Open a Proposed Change from this branch and check the Checks tab. You’ll see the device name check fail, with clear messages showing which names don’t match the required pattern. This confirms the check is working and prevents invalid names from being merged into main.

You can also run the checks locally using the infrahubctl check command. This allows you to test and validate the checks on your branch to make sure they work as expected before creating a proposed change or starting the review process in the Infrahub GUI.

infrahubctl check check_device_name --branch=change_name


INFO     HTTP Request: POST http://infrahub-02.packet.lan:8000/graphql/change_name "HTTP/1.1 200 OK"

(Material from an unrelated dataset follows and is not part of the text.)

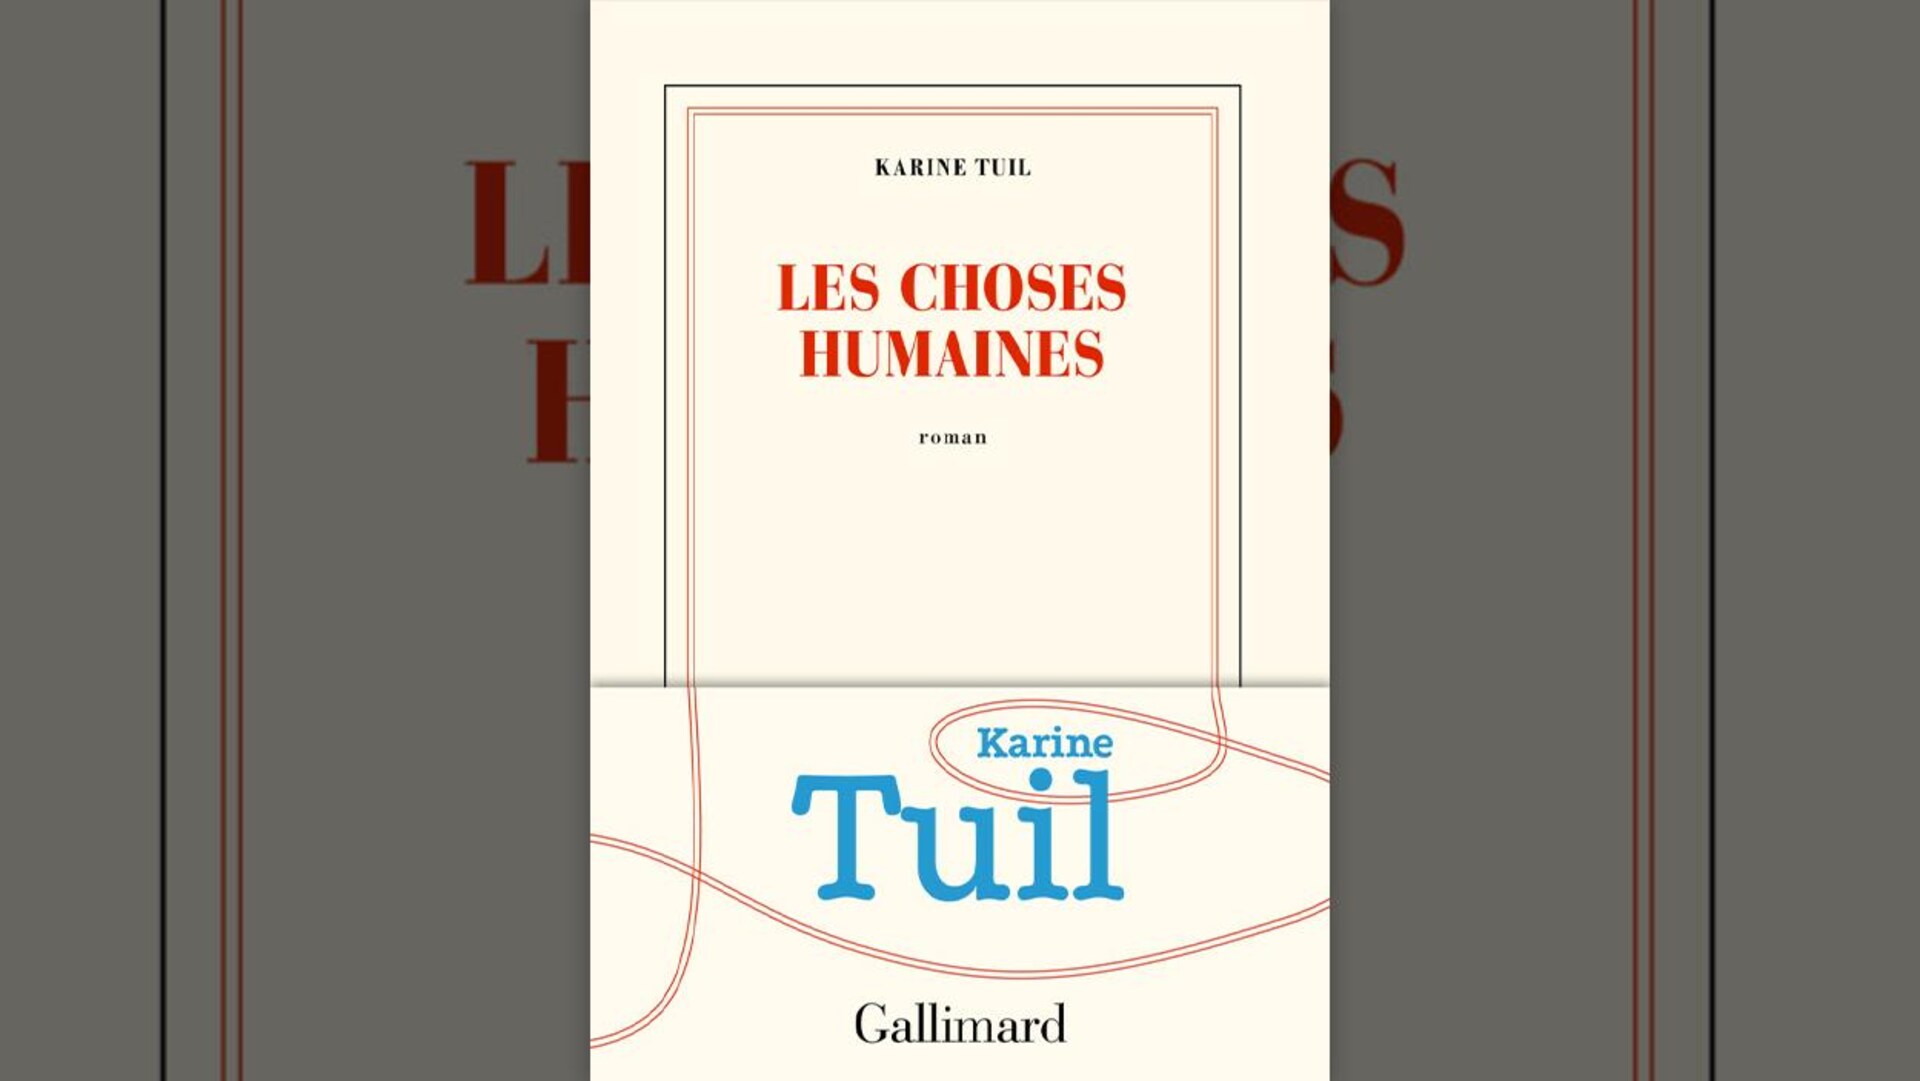 La couverture classique Gallimard (fond écru, liseré rouge) est légèrement revisitée : en bas, le liseré rouge se déforme en ruban et vient entourer le nom de l'autrice.

ERROR    devicename_check::DeviceNameCheck: FAILED

ERROR    Invalid device name: ldn-core01-cisco. Device names must follow pattern 'string-string01'

ERROR    Invalid device name: ny-edge02-junos. Device names must follow pattern 'string-string01'

Closing up

To wrap up, Infrahub’s change management workflow gives you a reliable way to manage both data and schema changes.

If you’re adding a new device, updating an attribute, or modifying the schema itself, every change follows the same process: You create a branch, make your updates, review the diff, run the checks, and then propose and merge the change.

This workflow adds control and visibility while bringing the same discipline from software version control into infrastructure management. By using branches and Proposed Changes, you can experiment, validate, and review updates safely before they reach production.

If you haven’t tried it yet, explore the Infrahub sandbox or set up your own instance to see how this workflow fits into your infrastructure operations. It’s a simple and reliable way to keep your infrastructure data accurate, consistent, and easy to maintain.